Team project for INF 385T: Deep Learning and Multimodal Systems

Overview

This project develops a multimodal classification system that predicts the presence of Pneumonia and Pneumothorax from chest X-ray images paired with corresponding radiology reports (Findings and Impression sections). Labels are sourced from CheXbert annotations, where 1 indicates a confirmed condition and 0 indicates no finding. Uncertain labels (-1) are excluded from training.

We experiment with six label combinations for the two conditions: (0,0), (1,0), (0,1), (1,1), (1,NaN), and (NaN,1). Our multimodal fusion model combines a ResNet50 image encoder with a BERT text encoder, and is compared against image-only and text-only baselines.

Repository Structure

MultiModal-Project/
├── Cross-Modal_Alignment_MIMIC-CXR.ipynb       # Main notebook: full pipeline
├── huggingface data/
│   └── mimic_cxr_with_chexbert_labels.ipynb    # How CheXbert labels were added to MIMIC-CXR
└── models/
    ├── image_only_baseline_HF.ipynb             # Image-only baseline
    └── text_only_baseline_HF.ipynb              # Text-only baseline

Dataset

The dataset used in this project is publicly available on Hugging Face:

cchitse/mimic-cxr-with-chexbert-labels

It combines MIMIC-CXR chest X-ray images with structured CheXbert labels.

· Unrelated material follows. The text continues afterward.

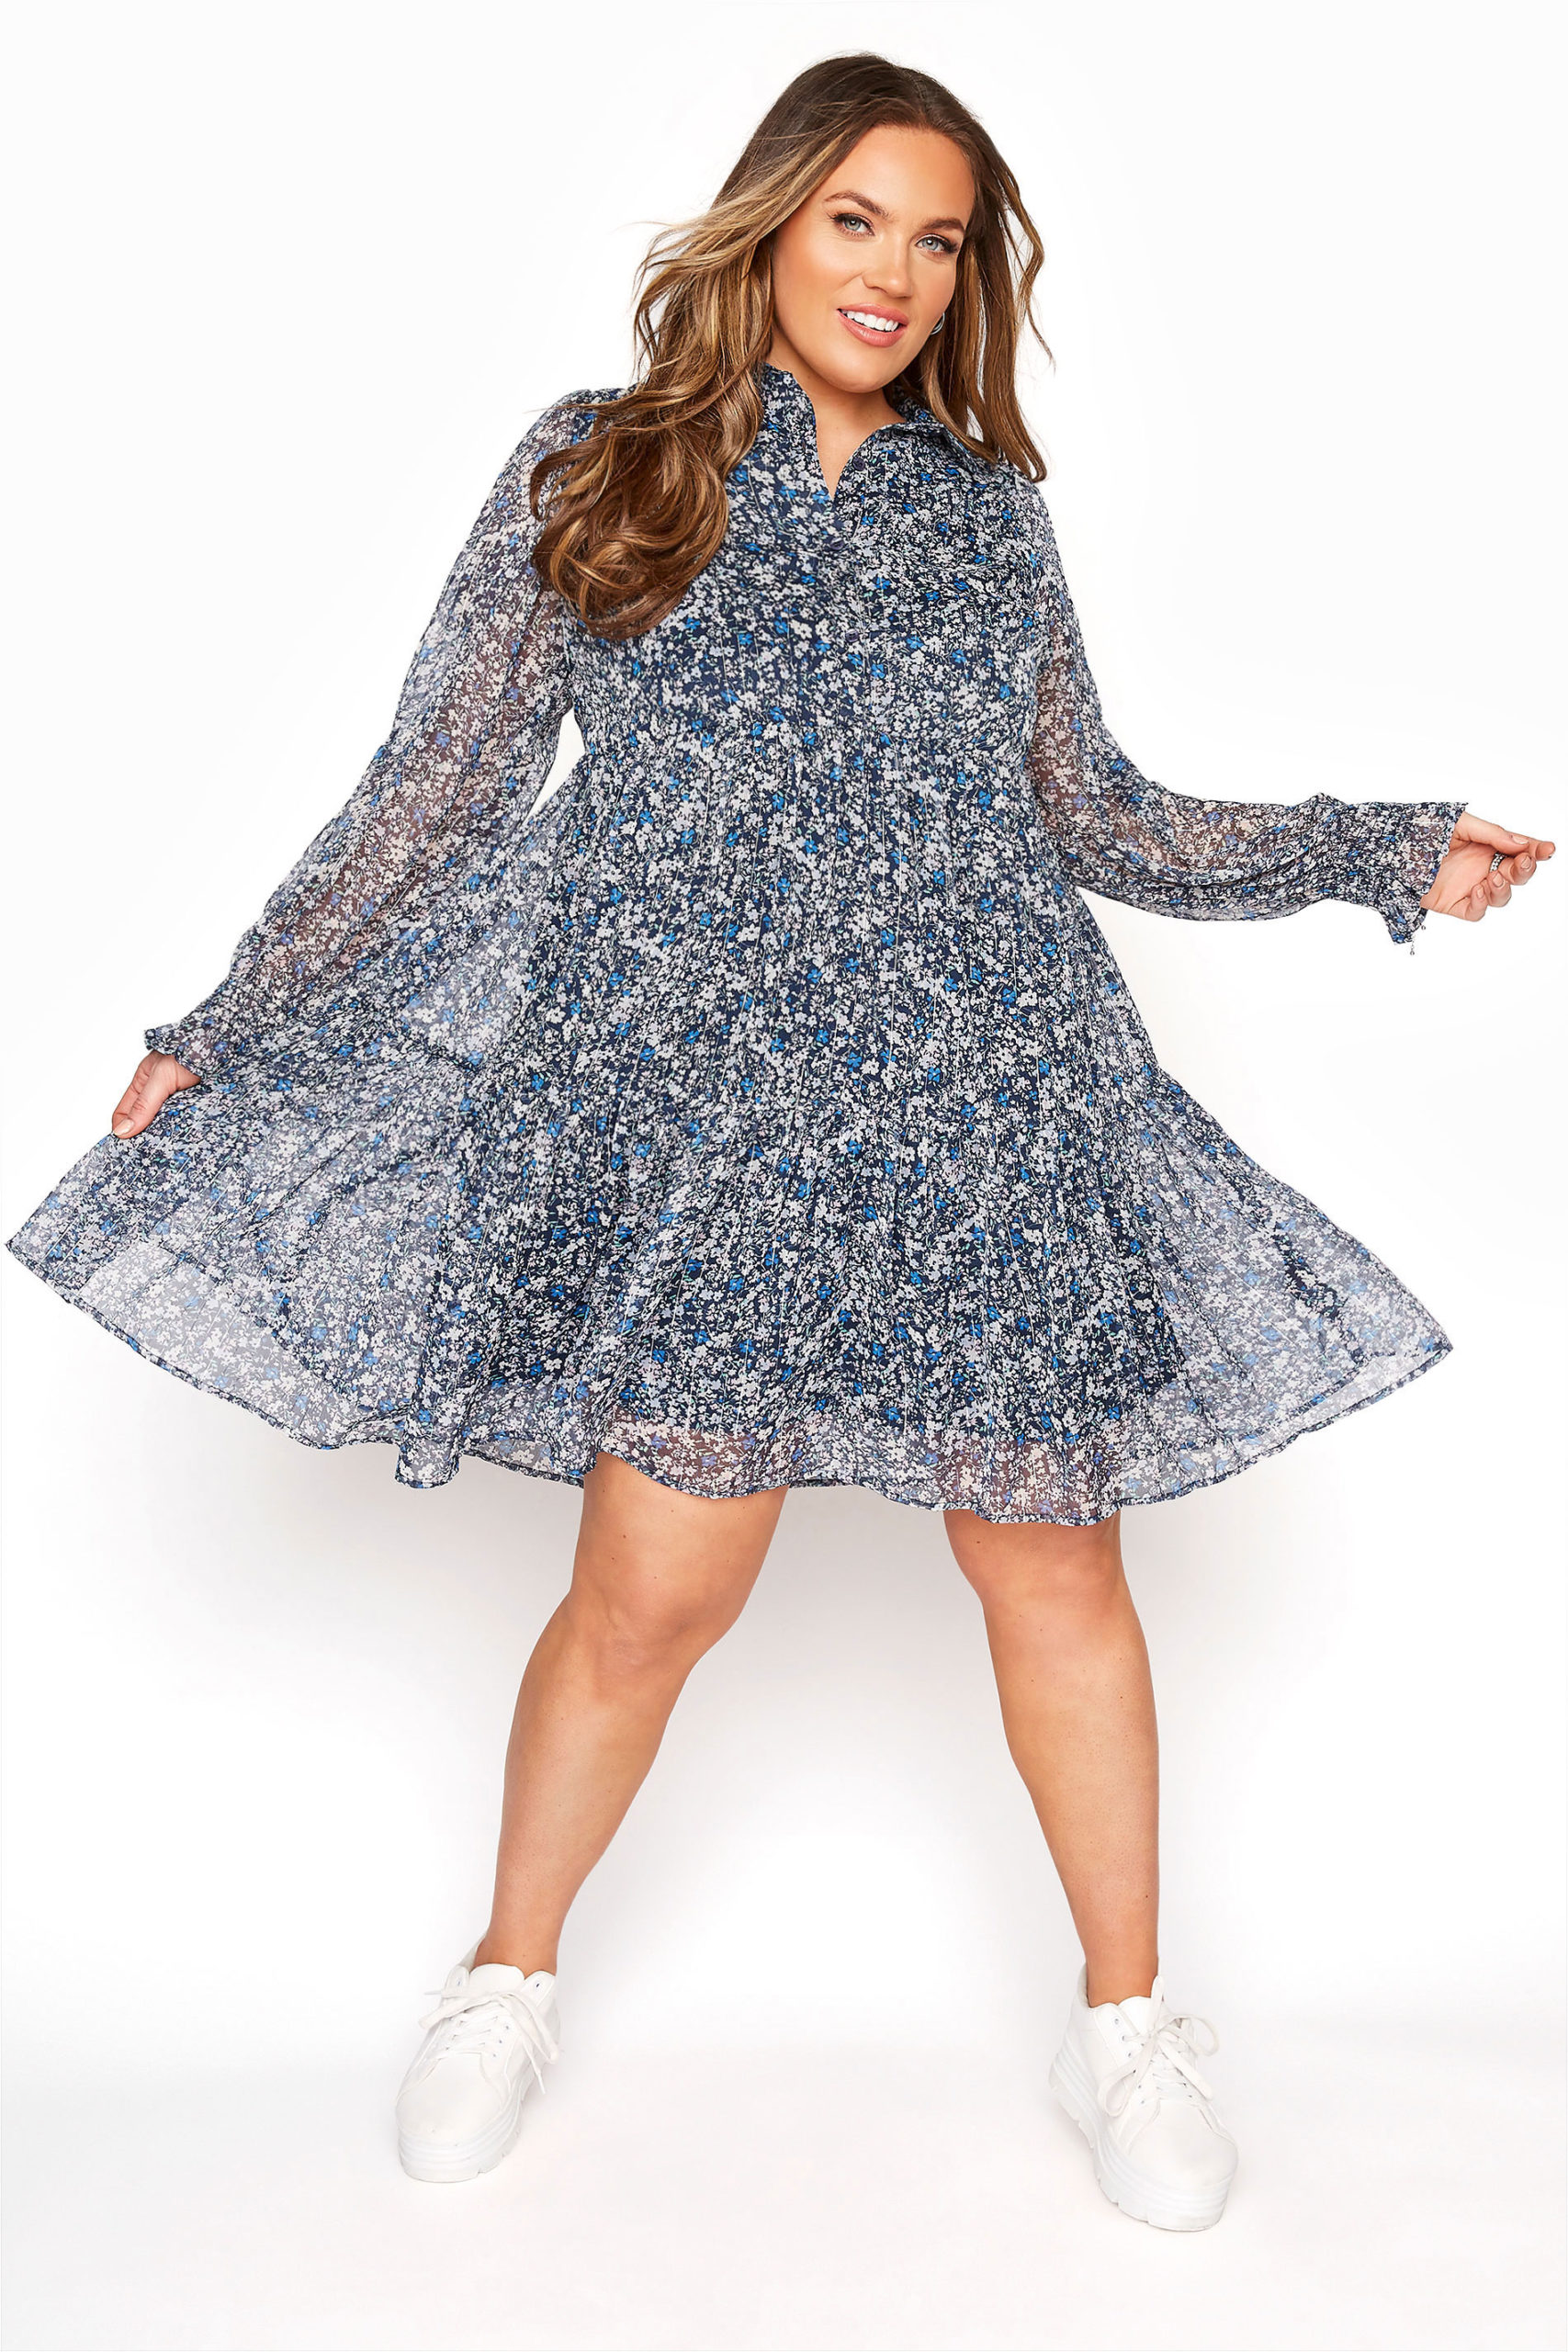 Plus Size Smocked Dress

No access token is required to download it.

The notebook huggingface data/mimic_cxr_with_chexbert_labels.ipynb documents how we constructed this dataset by appending CheXbert labels to the original MIMIC-CXR records.

How to Run

All notebooks are designed to run on Google Colab. No local setup is required.

Open the desired notebook in Google Colab.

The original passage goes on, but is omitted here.